• ABOUT THIS TASK: Where the line containing "Rufus take me (original mix) youtube." appears in the records below, begin there and write out each line exactly until the last one, and nothing more.

===== DATA SECTION

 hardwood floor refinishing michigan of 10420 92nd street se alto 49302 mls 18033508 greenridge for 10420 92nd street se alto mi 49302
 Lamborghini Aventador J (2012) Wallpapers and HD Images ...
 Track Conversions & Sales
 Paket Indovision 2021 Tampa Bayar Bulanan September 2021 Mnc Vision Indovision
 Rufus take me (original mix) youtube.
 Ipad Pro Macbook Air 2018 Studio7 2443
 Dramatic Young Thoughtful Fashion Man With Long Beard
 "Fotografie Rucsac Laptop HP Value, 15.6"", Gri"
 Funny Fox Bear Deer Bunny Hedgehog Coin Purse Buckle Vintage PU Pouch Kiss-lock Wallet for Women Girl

==========

• YOUR SOLUTION:
 Rufus take me (original mix) youtube.
 Ipad Pro Macbook Air 2018 Studio7 2443
 Dramatic Young Thoughtful Fashion Man With Long Beard
 "Fotografie Rucsac Laptop HP Value, 15.6"", Gri"
 Funny Fox Bear Deer Bunny Hedgehog Coin Purse Buckle Vintage PU Pouch Kiss-lock Wallet for Women Girl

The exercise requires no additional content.